Together, all the modeling will help RGGI states consider potential changes to the program’s model rule, which they will release in draft form next fall. After considering the draft updated model rule with public input in December 2022, Deshmukh said, the states will conclude the program review and begin individual rulemaking processes to align their regulations with the update.

CGEP Talks Repurposing Infrastructure for Low-carbon Energy

The world needs to transform tens of trillions of dollars in energy infrastructure by midcentury to decarbonize the global economy and move away from fossil fuels, and a good portion of the existing assets can be repurposed to carry or accommodate low-carbon energy.

“How do we reconcile any new capital investments in energy infrastructure that need to be aligned with net-zero [emissions] with the reality that today’s energy system is very far from that, as energy shortages across Europe and Asia are reminding us acutely?” Jason Bordoff, director of Columbia University’s Center on Global Energy Policy, asked during a webinar the center hosted Monday.
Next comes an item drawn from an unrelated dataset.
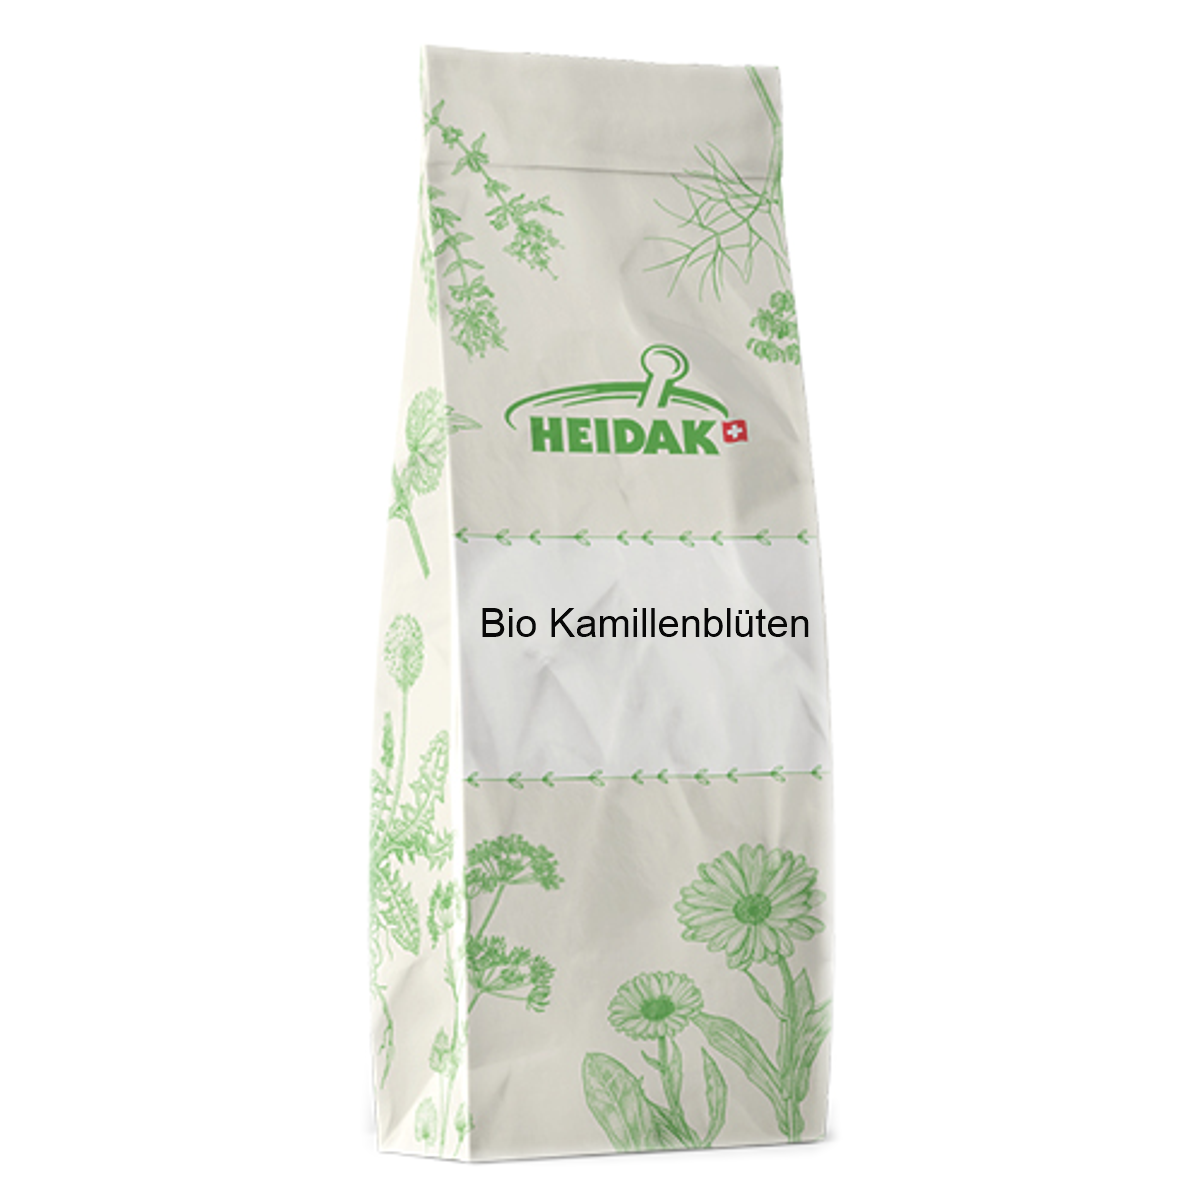 Heidak_Bio_Kamillenblueten_online_kaufen

Even if all the necessary solar panels and wind turbines were installed tomorrow, it would still not be enough to achieve net zero because there are very significant parts of the economy that cannot be easily or affordably electrified with current or even short-term future technology, said Maarten Wetselaar, director for integrated gas, renewables and energy solutions at Royal Dutch Shell.

“Think about the production of steel and cement or petrochemicals where you need a molecule to start with, but also to be transported by planes and ships and heavy trucks,” Wetselaar said. “Certainly advanced biofuels and hydrogen will be playing a crucial role in those sectors in the future, but they’re not sufficiently available yet. It will take time to scale up their production to become a meaningful part of the energy mix.”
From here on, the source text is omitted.